How to catch it: Continuous evaluation. Not just monitoring for errors, but running regular checks on output quality against a fixed test set. This doesn't have to be expensive: 20 to 50 representative examples evaluated weekly is enough to catch significant regressions. When you see a score drop, you have a starting point for investigation. More on this in A Practical Guide to Evaluating Agents.

What to Actually Do About All This

You don't fix these one by one. You build the layer that catches them all.

You can't prevent every one of these failures by writing more careful code. Agents are probabilistic systems operating in a world full of edge cases. The goal isn't to eliminate failures; it's to catch them fast, understand what happened, and fix the systemic issue.

Three things to put in place, in this order:

Tracing.
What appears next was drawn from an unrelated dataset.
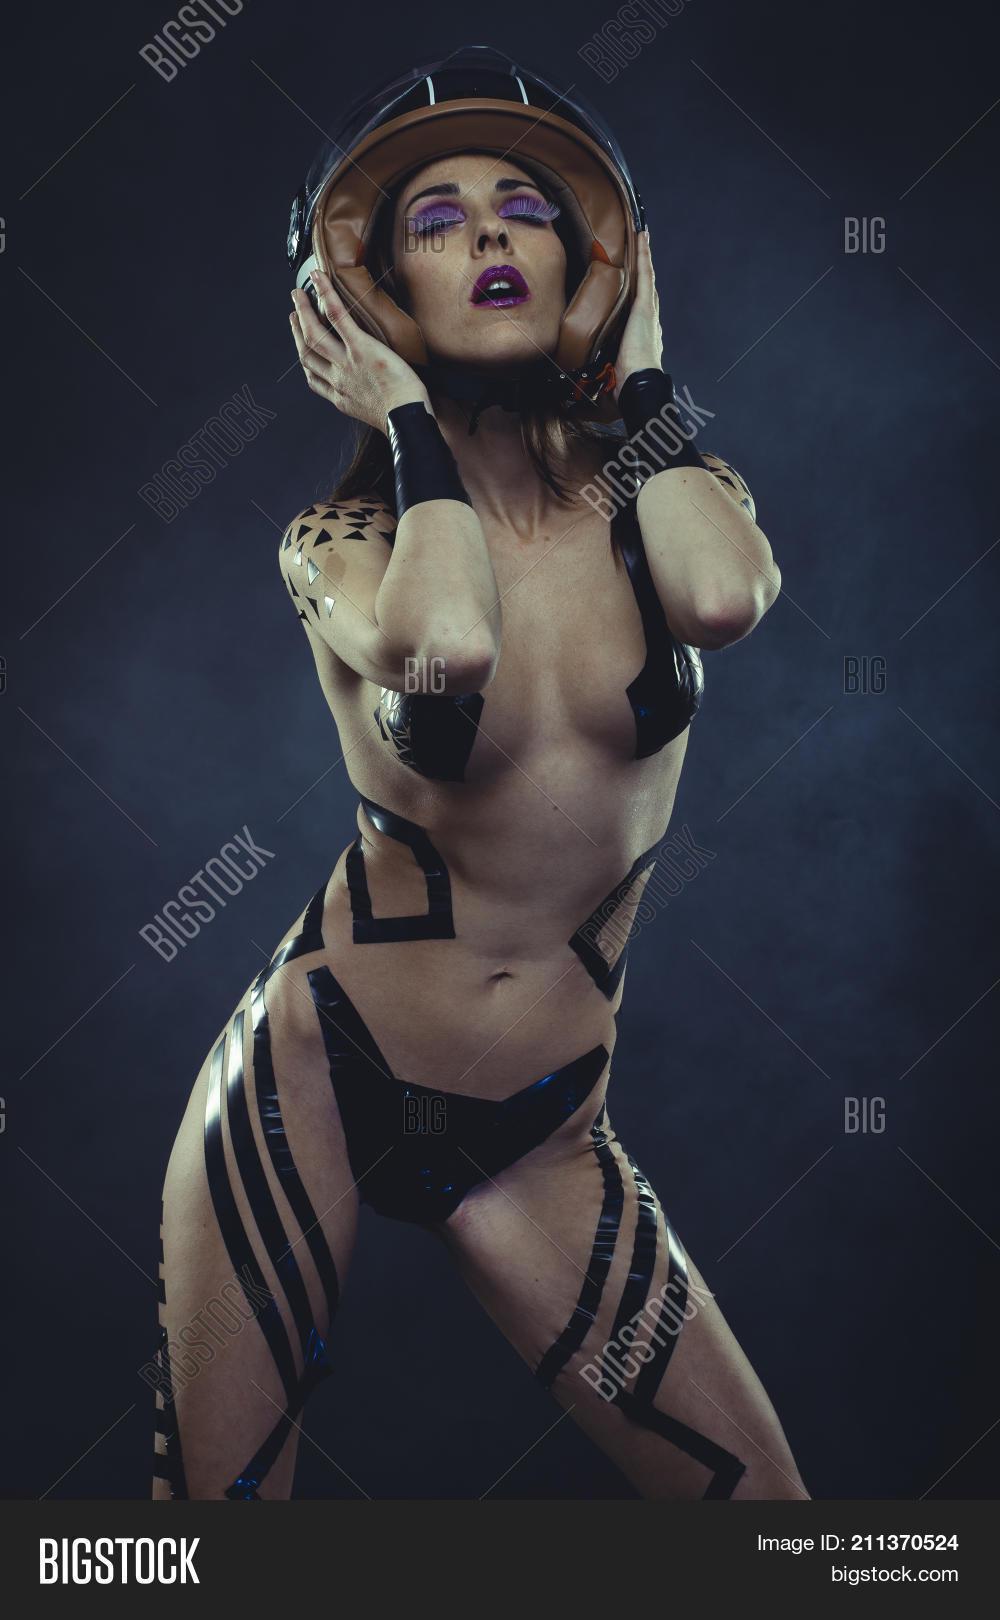 Girl motorcycle Naked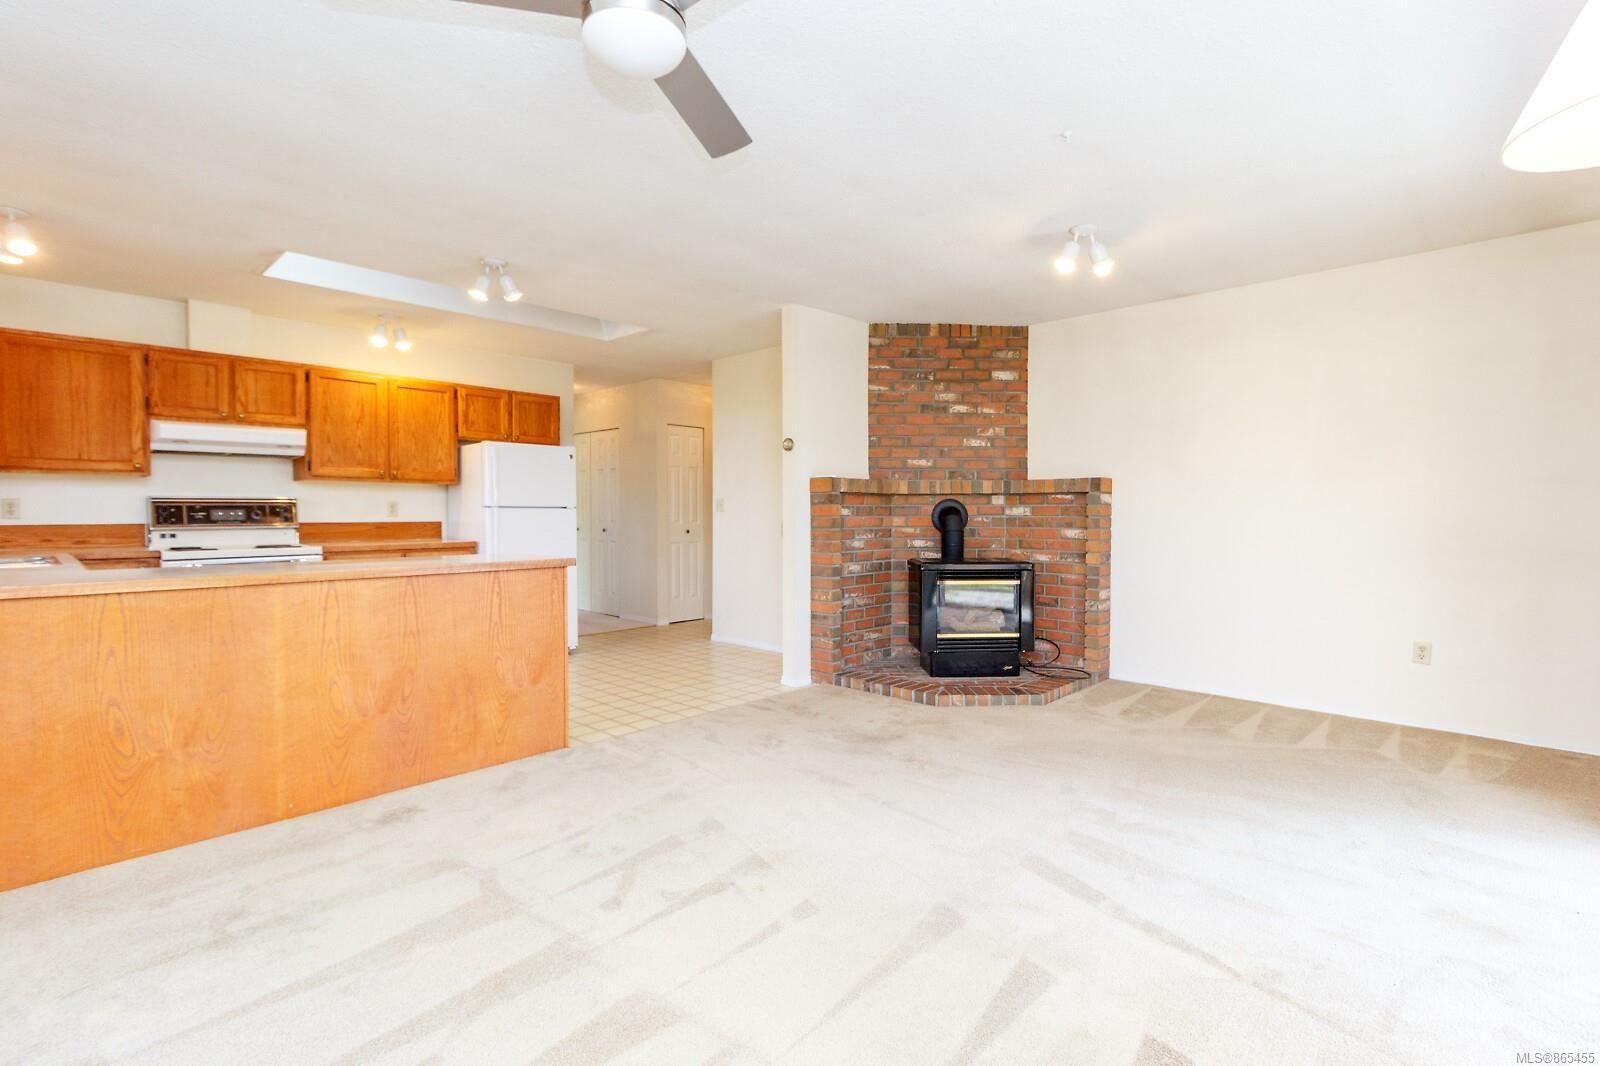 Photo 11: Photos: 399 Beech Ave in : Du East Duncan House for sale (Duncan)  : MLS®# 865455

Every run should produce a complete trace of what the agent did. Every tool call, every decision, every intermediate output. Without this, debugging any of the above is guesswork. Start here. This is the foundation of everything else. See What is AgentOps for how observability fits into the broader picture.

Evals. Run a set of representative examples on a regular schedule and score the outputs. You're looking for regressions, unexpected behavior changes, and systematic failure patterns. Even a small eval set catches the silent quality drop (failure 12) and often surfaces others. This is the thing that teams skip and regret. See A Practical Guide to Evaluating Agents for how to build this without overbuilding it.

Budgets. Set hard per-run limits on token spend and tool calls. This is a one-time config change that prevents the cost bomb (failure 4) and puts a natural ceiling on any runaway loop (failure 1). Do this before you have production traffic, not after your first incident.

That's the whole job of AgentOps in one paragraph. Trace what your agent does. Evaluate whether it did it well. Cap what it's allowed to spend getting there. Everything else builds on those three foundations.